*** Opening of Data below ***

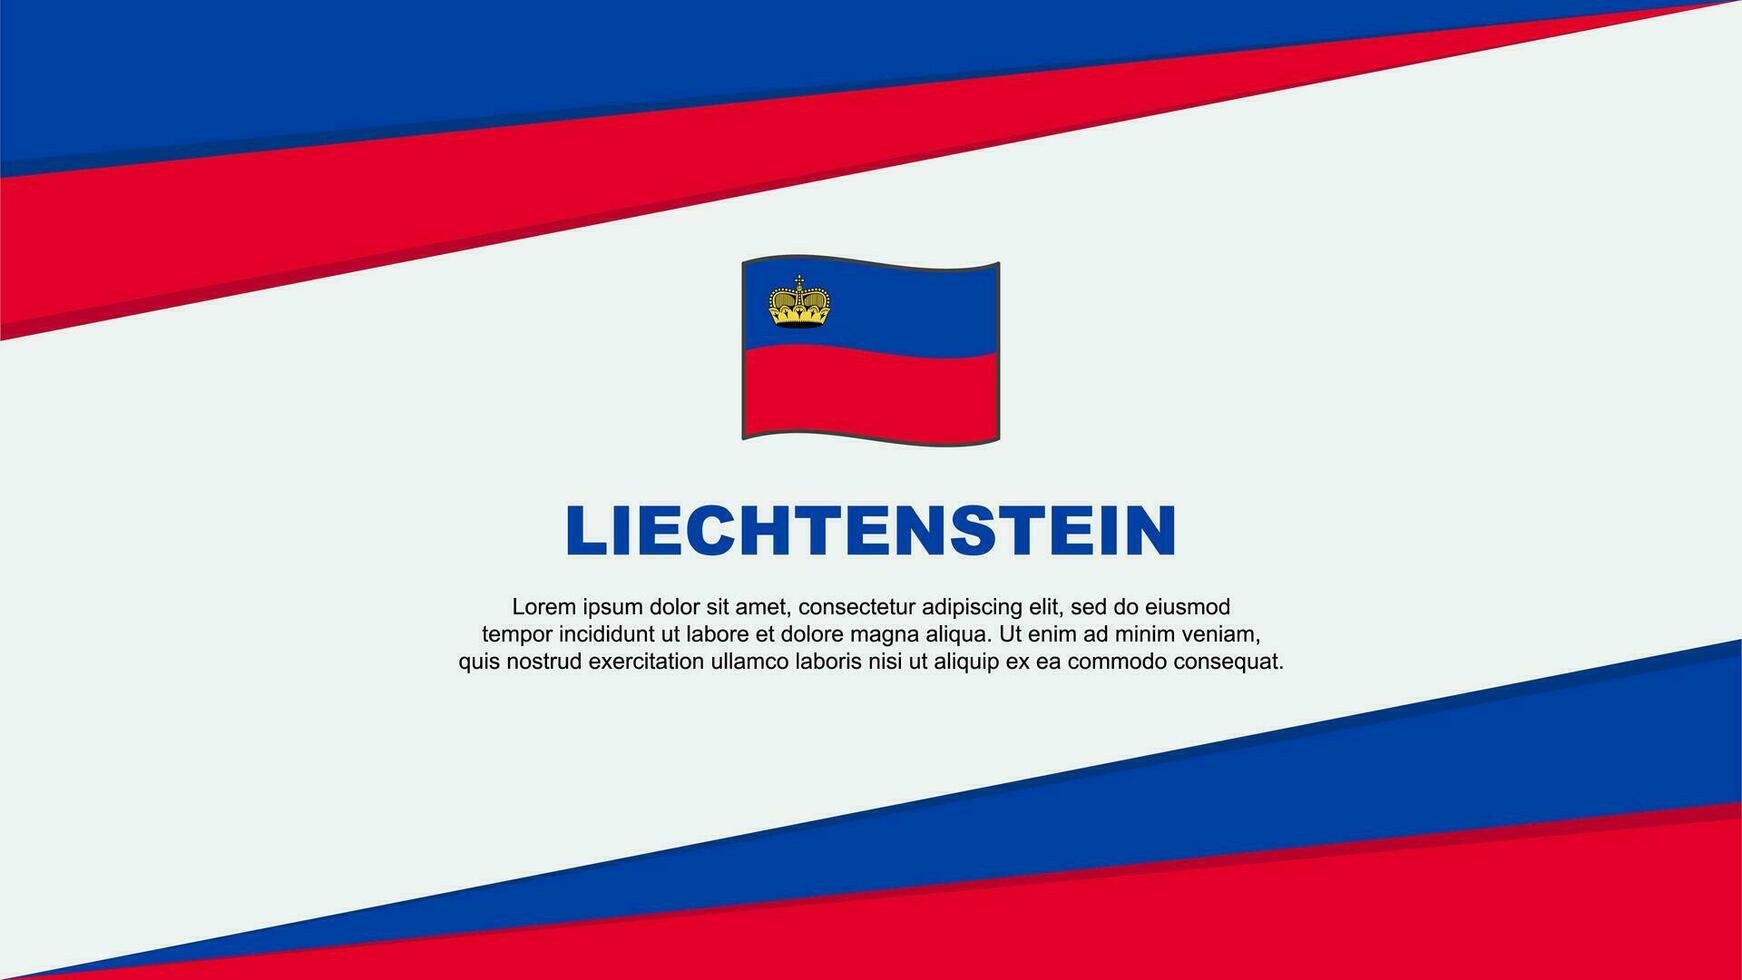 Liechtenstein Flag Abstract Background Design Template. Liechtenstein Independence Day Banner Cartoon Vector Illustration. Liechtenstein Design
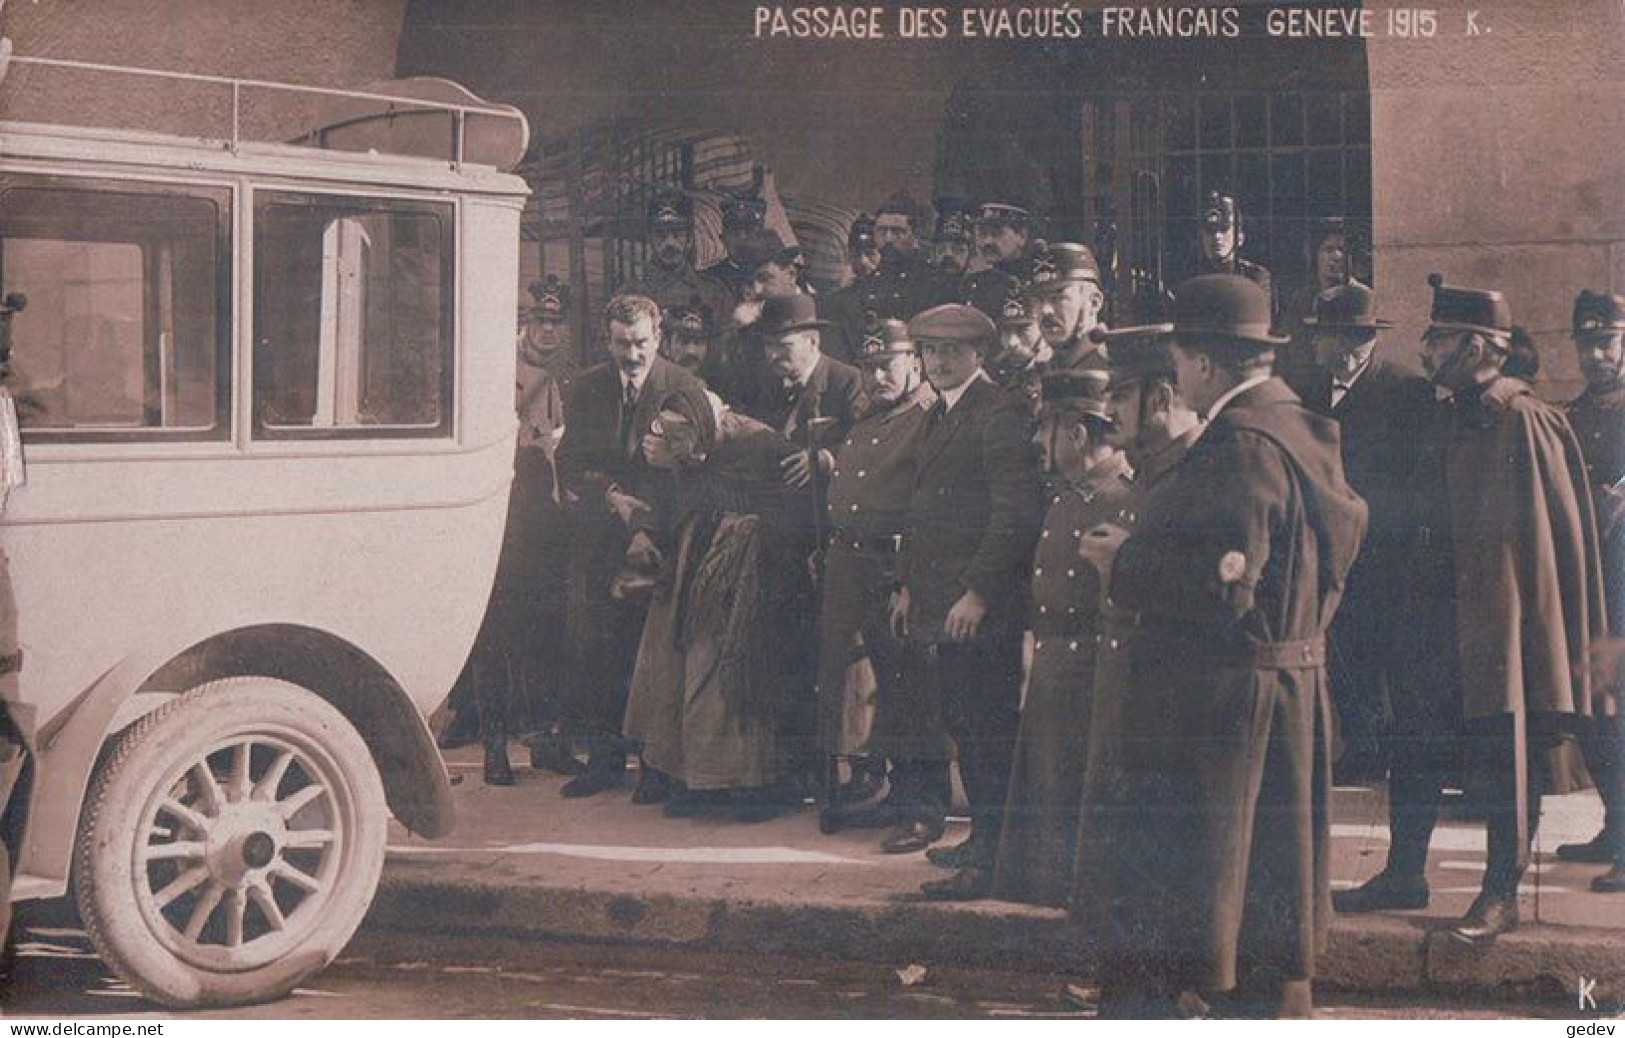 Guerre 14-18, Genève Gare 1915, Passage Des Evacués Français, Autobus (26.4.1915) - War 1914-18
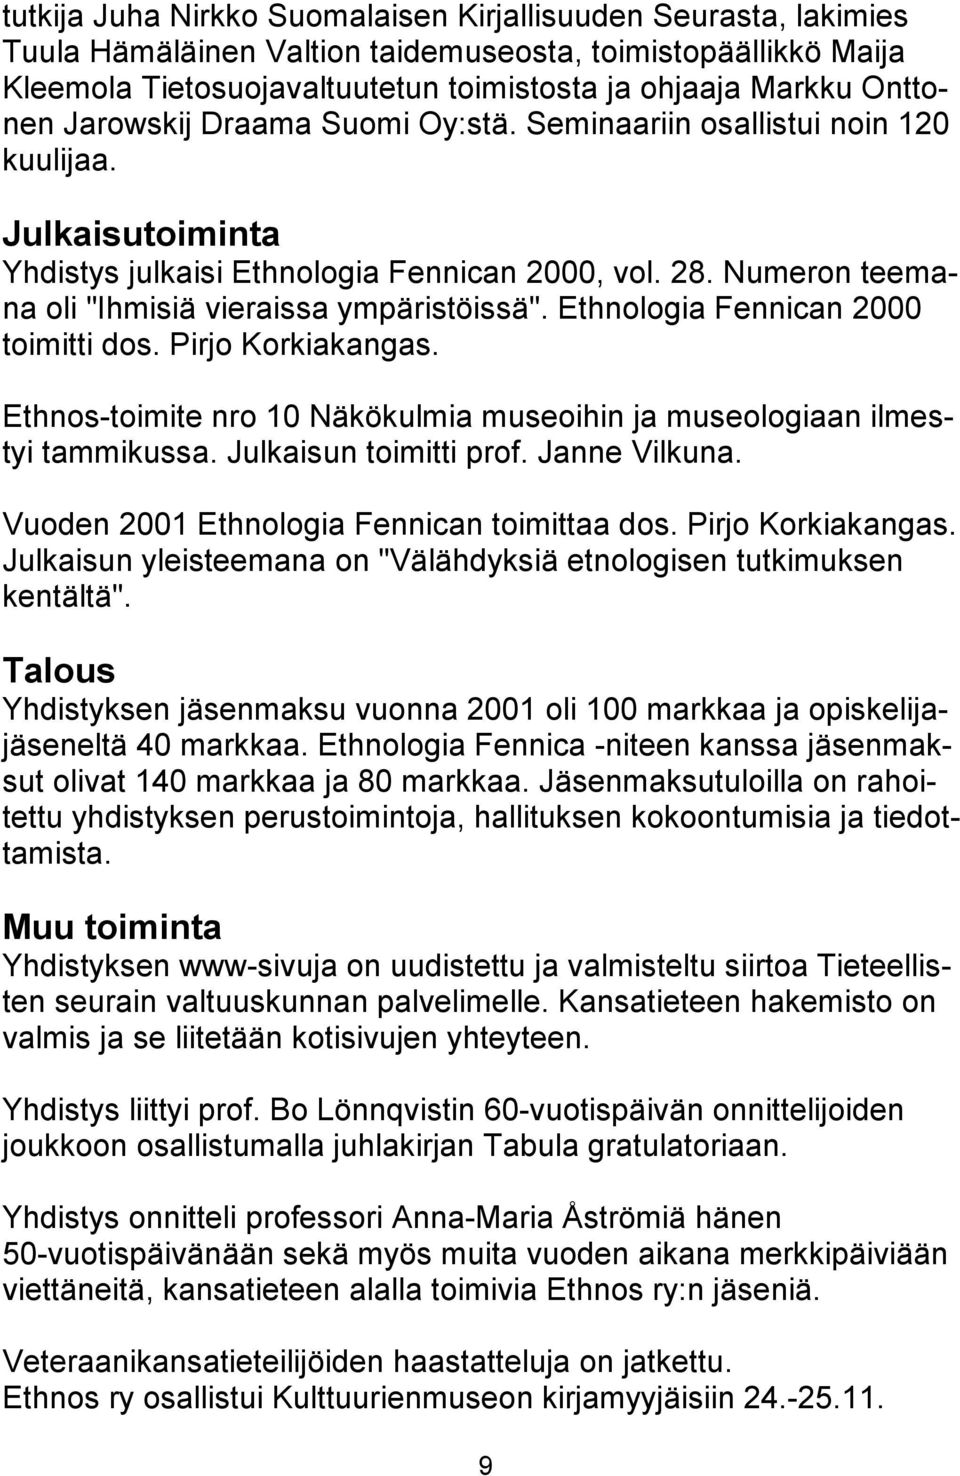 Ethnologia Fennican 2000 toimitti dos. Pirjo Korkiakangas. Ethnos-toimite nro 10 Näkökulmia museoihin ja museologiaan ilmestyi tammikussa. Julkaisun toimitti prof. Janne Vilkuna.
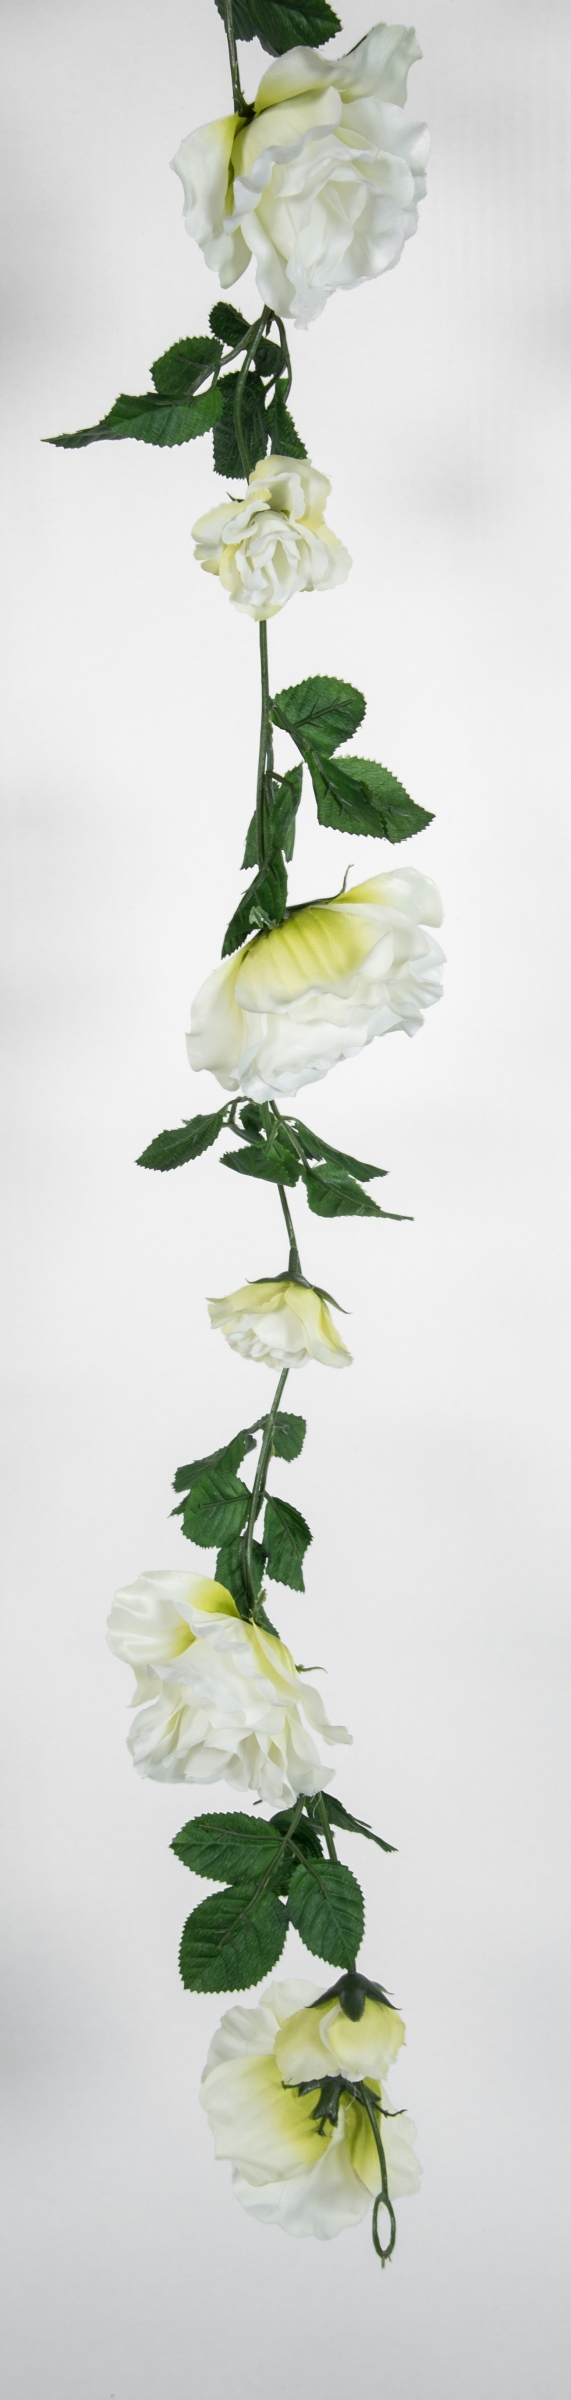 Rosengirlande 180cm weiß mit 13 Rosen Blüten GA Girlande Seidenblumen Kunstblumen künstliche

*** Close of Data below ***

__Work required__
Beginning with the line that contains "Ethnologia Fennican 2000" in the data above, please copy each line exactly until the last line, both ends included, skipping any pictures.

__Your solution__
 Ethnologia Fennican 2000 toimitti dos. Pirjo Korkiakangas. Ethnos-toimite nro 10 Näkökulmia museoihin ja museologiaan ilmestyi tammikussa. Julkaisun toimitti prof. Janne Vilkuna.
 Rosengirlande 180cm weiß mit 13 Rosen Blüten GA Girlande Seidenblumen Kunstblumen künstliche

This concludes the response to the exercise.